0

I am working on a java program that parses files to lists and then inserts data into a DB. This runs on a server with a ton of memory. Are there java limitations I need to be aware of?

Like such that I shouldn't parse, for instance, a GB of data into a list before inserting it into the DB?

glyphx
  • 195
  • 3
  • 10
  • 1
    Your program will probably have a default max amount of memory allocated to it that you should be able to increase. Your OS might have limits on how much memory a single program can use (I think with Windows it's 2GB?), but that may or may not be a problem. – Michelle Nov 05 '13 at 21:46
  • There some reason why you can't use threads, one to mine and one to store, with some sort of thread safe queue in the middle? – Tony Hopkinson Nov 05 '13 at 21:47

5 Answers5

1

You have more limitations than just Java to worry about.

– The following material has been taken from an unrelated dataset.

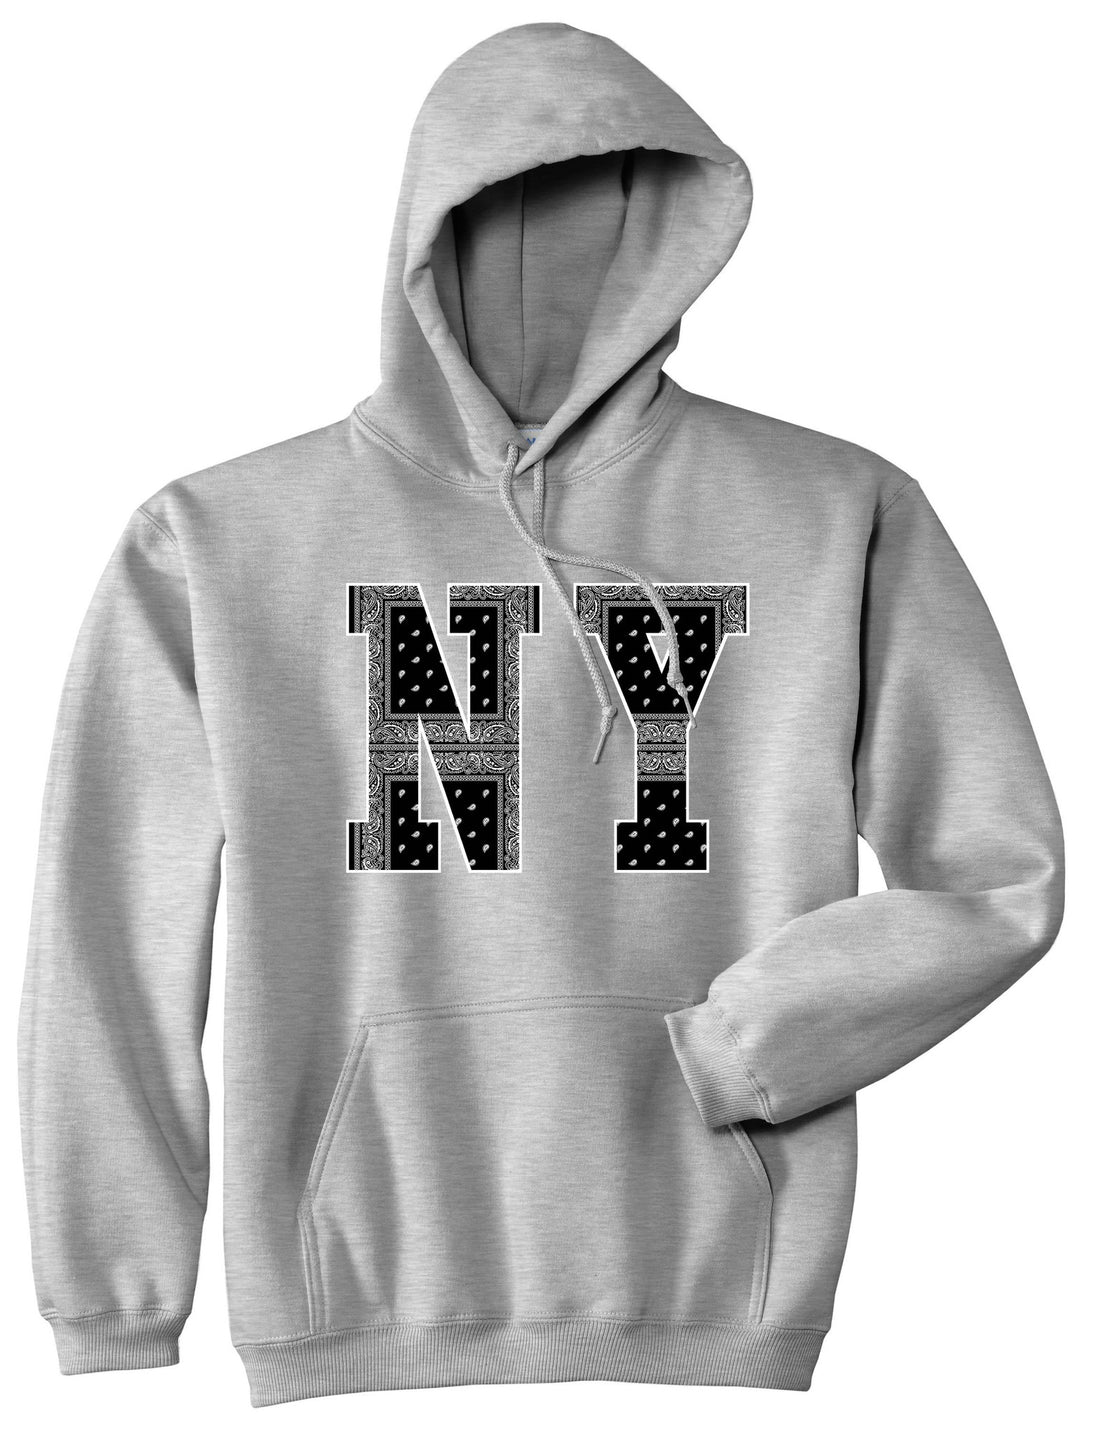 New York Bandana NYC Black by Kings Of NY Gang Flag Pullover Hoodie Hoody In Grey by Kings Of NY

There's network bandwidth usage, hogging your database server CPU, filling up the database transaction log, JDBC performance for mass inserts, slowness while the database updates its indexes or generates artificial keys.

If your inputs get too huge you need to split them into chunks and commit the chunks separately. How big is too big depends on your database.

The way your your artificial keys get allocated can slow the process down, you may need to create batches of values ahead of time, such as by using a hilo generator.

Kicking off a bunch of threads and hammering the database server with them would just cause contention and make the database server work harder, as it has to sort out the transactions and make sure they don't interfere with each other.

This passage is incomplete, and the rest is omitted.